Bukan berarti Indonesia harus meniru China ataupun India dalam mengelola ekonominya. Tidak berarti pula Indonesia membangun suatu zona ekonomi khusus persis menyerupai China. Akan tetapi, penting untuk pemerintah membangun suatu sistem yang berkeadilan, yakni menghadirkan suatu birokrasi yang nyaman, ringkas, dan tidak menyulitkan bagi siapa saja yang hendak berinvestasi di Tanah Air, tanpa harus menutup mata terhadap amanah Pasal 33 UUD 1945.
Jangan sampai pada Juli mendatang, saat di mana seorang putera terbaik bangsa terpilih sebagai presiden RI baru, “suasana kebathinan” sebagian besar masyarakat Indonesia masih kental dengan tanda tanya karena sang RI-1 tidak memiliki arah yang jelas atau bahkan lupa akan segala janji-janjinya.
Pada akhirnya, stabilitas diperlukan guna menciptakan pertumbuhan ekonomi yang tinggi. Pembangunan yang merata dan meluas memungkinkan untuk menciptakan lebih banyak lagi individu maupun kelompok masyarakat di Indonesia yang terangkat harkat dan martabatnya melalui pemenuhan akan 5 (lima) hak dasar: hak sipil, hak politik, hak ekonomi, hak sosial, dan hak budaya. Kelima hak yang tentu saling terpadu, terintegrasi, dan tak terpisahkan satu dengan yang lain.

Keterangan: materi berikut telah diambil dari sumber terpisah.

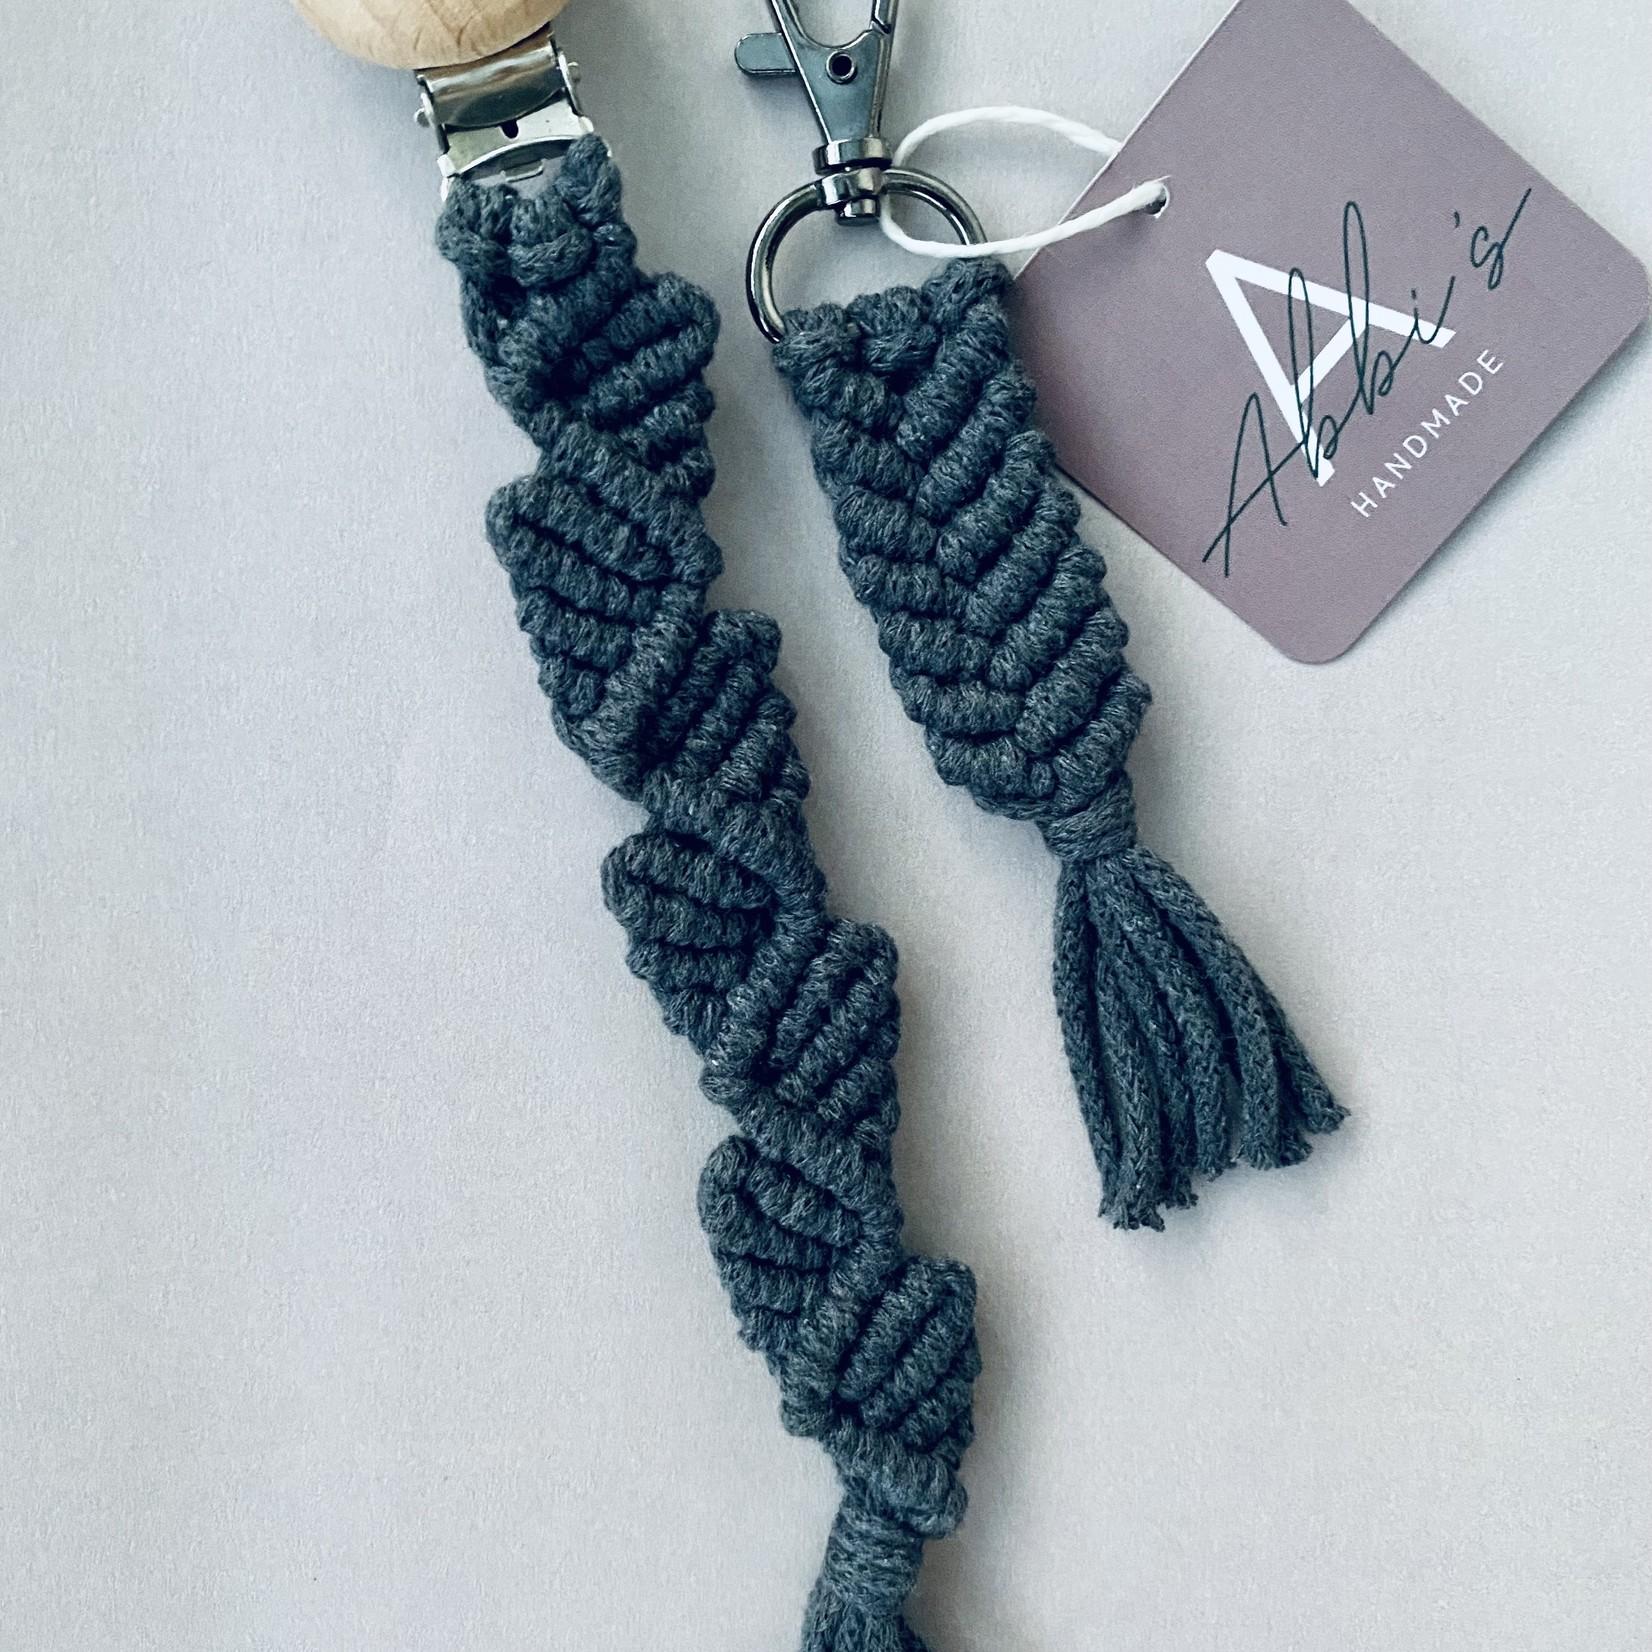 Abbi's Handmade Macramé Giftset - Charcoal

Untuk pulih dari krisis global, tentu tidak cepat. Dengan pertumbuhan ekonomi 4-5% saja, mungkin sudah menggembirakan. Presiden terpilih nanti bukan seorang yang punya tongkat ajaib yang secara simsalabim sanggup menjawab dan melahap habis segala masalah bangsa.
Saatnya kian dekat untuk meninggalkan lingkaran setan “siapa mendapat apa, kapan dan bagaimana” dengan betul-betul menoleh ke ranah yang lebih penting dan sangat massif, yakni: keadilan sosial bagi seluruh rakyat Indonesia. Tanpa itu, tidak menutup kemungkinan bakal terjadi letupan-letupan di pelbagai pelosok. Perut yang lapar dan ketimpangan ekonomi niscaya menjadi salah satu penyebab.
Sang RI-1 harus mampu menangkap lantas mengejawantahkan pesan sejarah: mencerdaskan kehidupan bangsa dan ikut serta menciptakan perdamaian dunia. Mungkin tidak memaksakan diri untuk lari cepat. Namun bisa dengan maraton secara perlahan, tapi mantap.
Beberapa waktu lalu, mantan Presiden BJ Habibie menyarankan, penting untuk pemerintah merancang suatu GBHN (Garis-garis Besar Haluan Negara). Saran itu dapat dimaknai sebagai bagian dari koreksi atas keberlanjutan reformasi yang telah berjalan lebih satu dekade. Saran beliau ini berdasar dan patut direnungkan. GBHN layak ditilik bukan sebagai suatu produk Orde Baru yang mengandung energi negatif. Presiden terpilih, bisa merinci visi (arah) serta misinya dalam GBHN.
Betapa banyak capres yang cerdas beretorika kualitatif. Namun, hanya segelintir yang tegas dalam bersikap ke mana arah ekonomi yang hendak dijalankan. Sayang sekali, hanya sedikit pula dari mereka yang cekatan dalam menutur dengan nada kuantitatif, terukur, dan realistis.(*)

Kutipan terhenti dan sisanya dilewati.